The Flynn effect describes the tendency for IQ scores to rise across the board at a rate of approximately .30 points per year, or three points per decade (Flynn, 2009). Amongst developed countries the effect had its origins in the early decades of the 20th century (Lynn, 2013), but seems to have been most pronounced in the period immediately following the conclusion of World War II, where especially pronounced gains in Europe and Japan were recorded (Flynn, 2009). Large gains have also been detected in South Korea following the cessation of hostilities in the post-Korean war period (te Nijenhuis, Cho, Murphy, & Lee, 2012). The Flynn effect has recently been detected in a number of developing countries, including Dominica (Meisenberg, Lawless, Lambert, & Newton, 2005), Saudi Arabia (Batterjee, Khaleefa, Ali, & Lynn, 2013), South Africa (te Nijenhuis, Murphy, & van Eeden, 2012), Turkey (Kagitcibasi & Biricik, 2011; Rindermann, Schott, & Baumeister, 2013), Brazil (Colom, Flores-Mendoza, & Abad, 2007), Kenya (Daley, Whaley, Sigman, Espinosa, & Neuman, 2003) and Sudan (Khaleefa, Sulman, & Lynn, 2009).

There are three related and significant issues concerning the Flynn effect: 1) To what extent does the effect constitute a ‘real’ gain in IQ, as opposed to a simple change in test-taking habits, such as an increasing reliance guessing the answers to multiple choice format items (e.g.,Brand, 1996)? 2) To what extent does the Flynn effect concern changes in the level of g, the common factor among many different cognitive ability measures, rather than more narrow sources of ability variance (e.g., Jensen, 1998a)? 3) What has caused the Flynn effect?

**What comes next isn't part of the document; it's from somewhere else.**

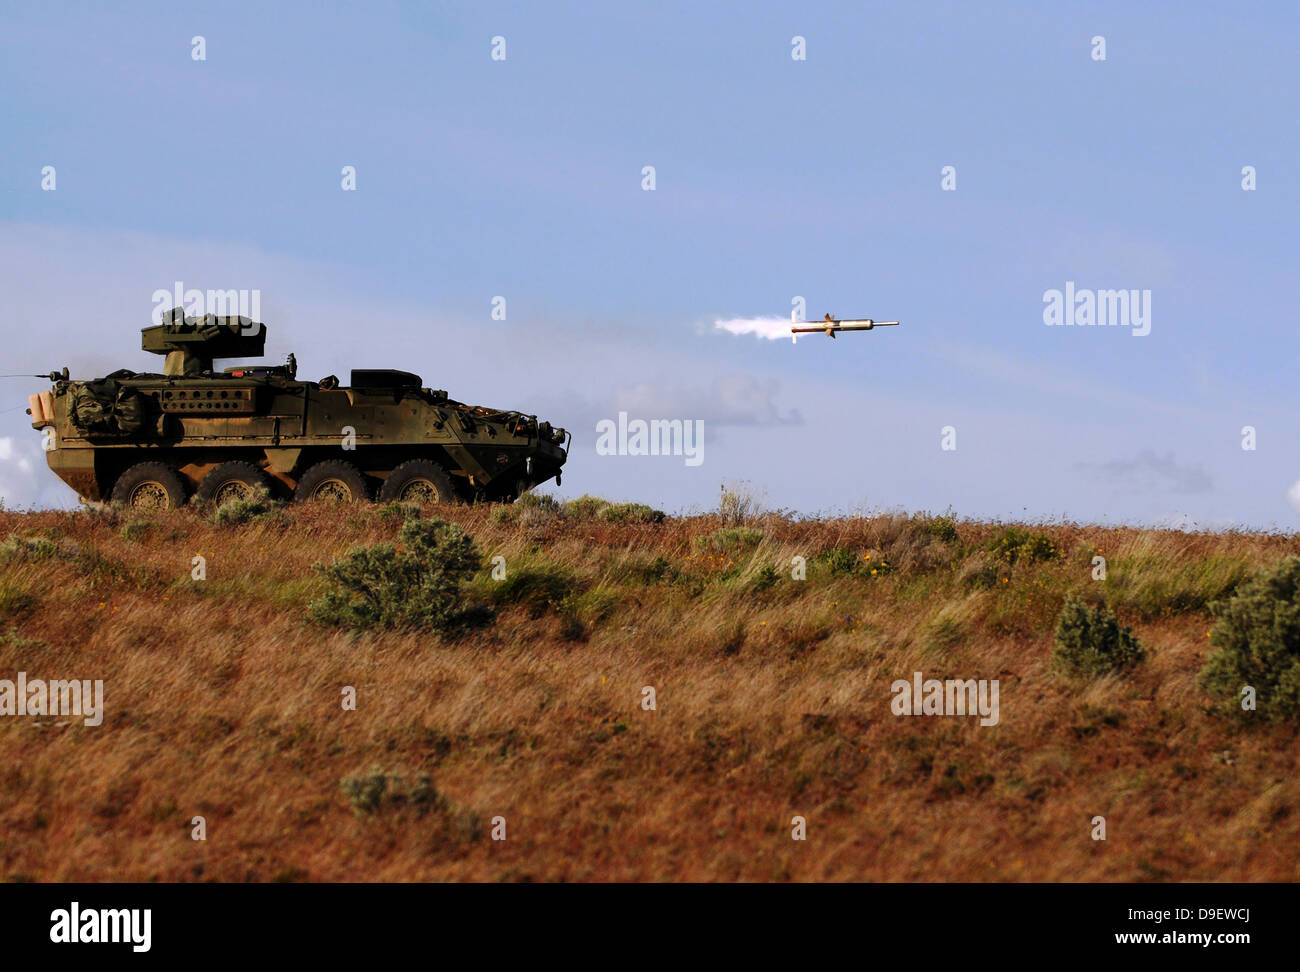 A TOW missile is launched from an armored vehicle. Stock Photo

With respect to the first issue, the presence of apparent real world corollaries involving the Flynn effect, such as historical increases in GDP (Purchasing Power Parity adjusted) per-capita paralleling the historical trends in the effect (Woodley, 2012a), an increase in precocious- ness in intellectual games such as Chess, Bridge and Go, teacher ratings indicating that students are becoming increasingly practically ‘intelligent’ (Howard, 1999, 2001), and neurological evidence indicating that the effect may be directly related to both increasing brain size (Lynn, 1989) and to enhanced right hippocampal functioning (Baxendale & Smith, 2012) suggests that the effect is associated with actual increases in certain abilities, and is therefore not solely an artifact of changing attitudes towards test-taking. Recent research, however, indicates that changing test-taking attitudes, especially the tendency towards the in- creased use of guessing on harder items, may nevertheless account for a portion of the Flynn effect (Must & Must, in press).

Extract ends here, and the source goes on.